Third, we have to publicly acknowledge when the facts are not on our side, no matter how uncomfortable that process may be. In my experience, this may be the hardest one for most Americans. For instance, if one side wants to focus on the data that many American households face real economic problems, and the other side wants to ignore the problems Americans face by focusing on the data that shows the economy is strong, neither side is recognizing the full scope of the problem: yes, inflation is lower, and the unemployment rate is low, and wages are slowly growing faster than inflation, but systemic problems in our economy and our society persist even when all those statements are true. If both sides want to cherry-pick the good data to say everything is good, or cherry-pick the bad data to say everything is bad, no one is working to find solutions to the reality that some things are getting better while others are getting worse or staying the same. If we can't agree on the problems, and we ignore what the data actually says, we're never going to be able to move forward on finding real solutions.
Lastly, we have to know our neighbors. We have to have sympathy for their pain. We have to find common ground. We cannot pursue a zero-sum-game political strategy where if we get our way the consequences of our decisions, intended or otherwise, go ignored. To go back to my earlier examples, if one side wants to shift away from the coal industry, that side also needs to dedicate themselves to helping the people who earn a living off that industry. If one side believes that responsible gun ownership has to be protected, that side should also be working toward ensuring that the American people are being protected from people who should not have guns. If one side wants health insurance for more people, they should also acknowledge that this could mean an increase in premiums that may need to be paid for by everyone.
It's Not False Equivalence To Say "Both Sides" Need Work
For the record, I do not believe that "both sides" have equally contributed to this problem. In the examples I gave above, for instance, I believe and could strongly argue that one party has indeed worked for such compromises and the other, by and large, has not.
But I also believe that each of us has contributed to this problem, and each time one of us contributes to this problem it makes the other side more defiant and the division wall between us grows ever higher.

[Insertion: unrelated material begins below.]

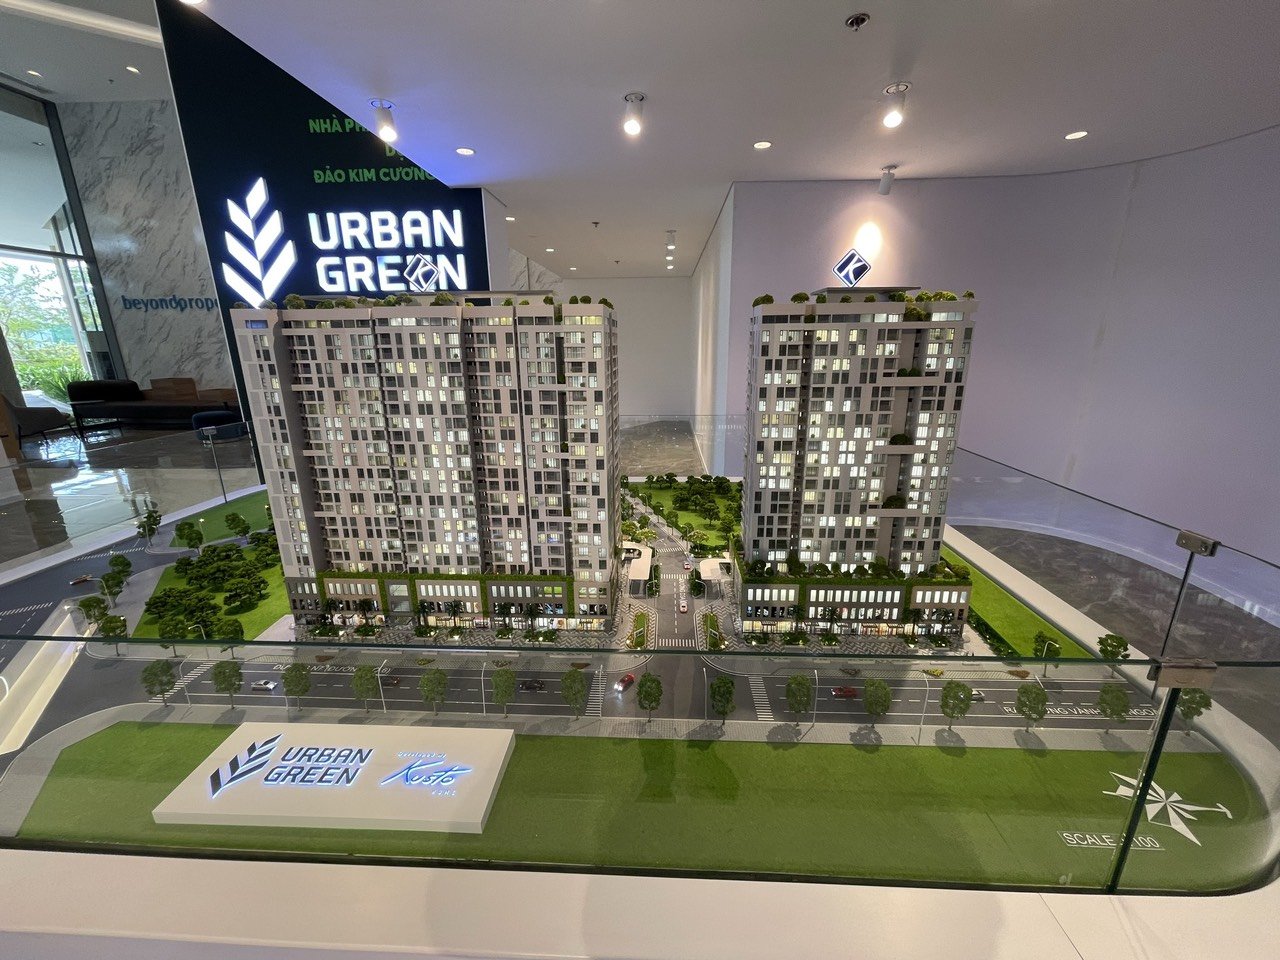 Bán căn hộ 1 PN Urban Green tầng cao giá tốt trong tháng 10 LH 0835379247 gặp Phúc
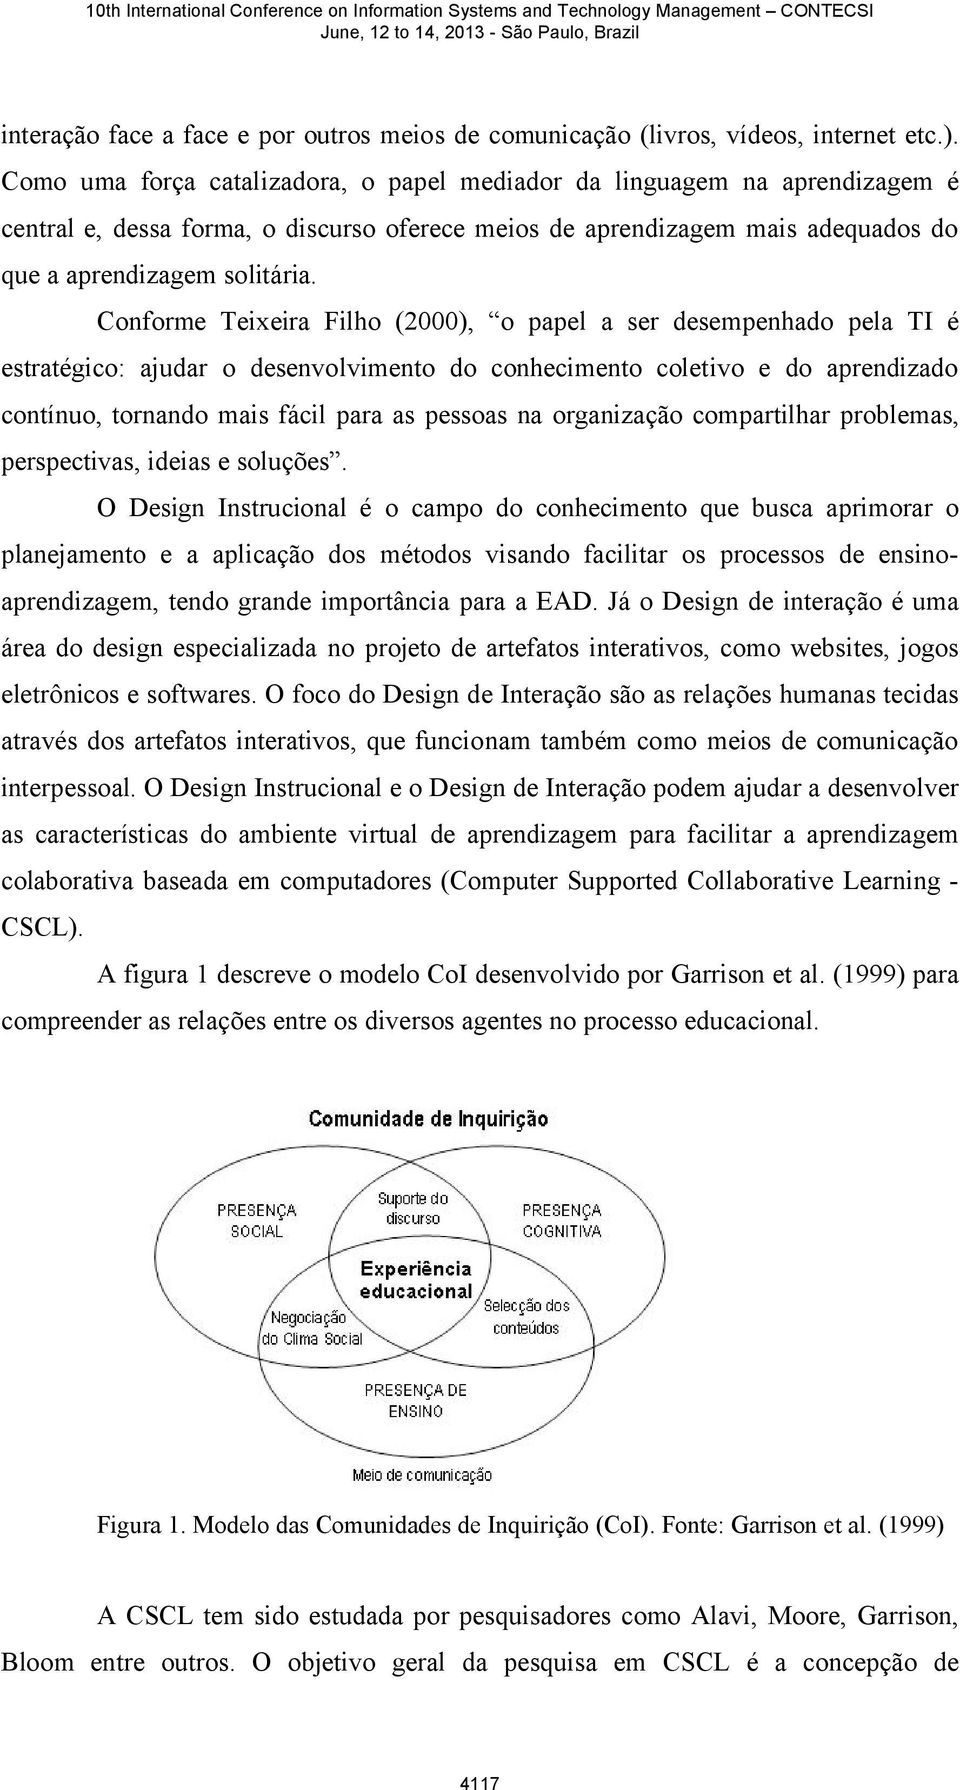 Conforme Teixeira Filho (2000), o papel a ser desempenhado pela TI é estratégico: ajudar o desenvolvimento do conhecimento coletivo e do aprendizado contínuo, tornando mais fácil para as pessoas na

Furthermore, failure to acknowledge the concerns of the other side will almost guarantee that rather than settling the issue it will only set the stage for years of political battles with a focus on the past rather than the future. Each time there is a mass shooting, we rhetorically shoot at each other rather than solving the problem. By ramming through policies that the other side disagrees with instead of finding common ground, both sides have indeed worked toward ensuring that we continue to relitigate these policies.
Perhaps most urgently, I believe that time is running out to find common ground. History has shown us, time and time again, that if divisions become intractable, the end result is often violence. As someone who has studied how discontent turns to social unrest turns to civil war, I can promise you that any time the political process for addressing problems breaks down, the result is terrorism, war, or other forms of bloodshed.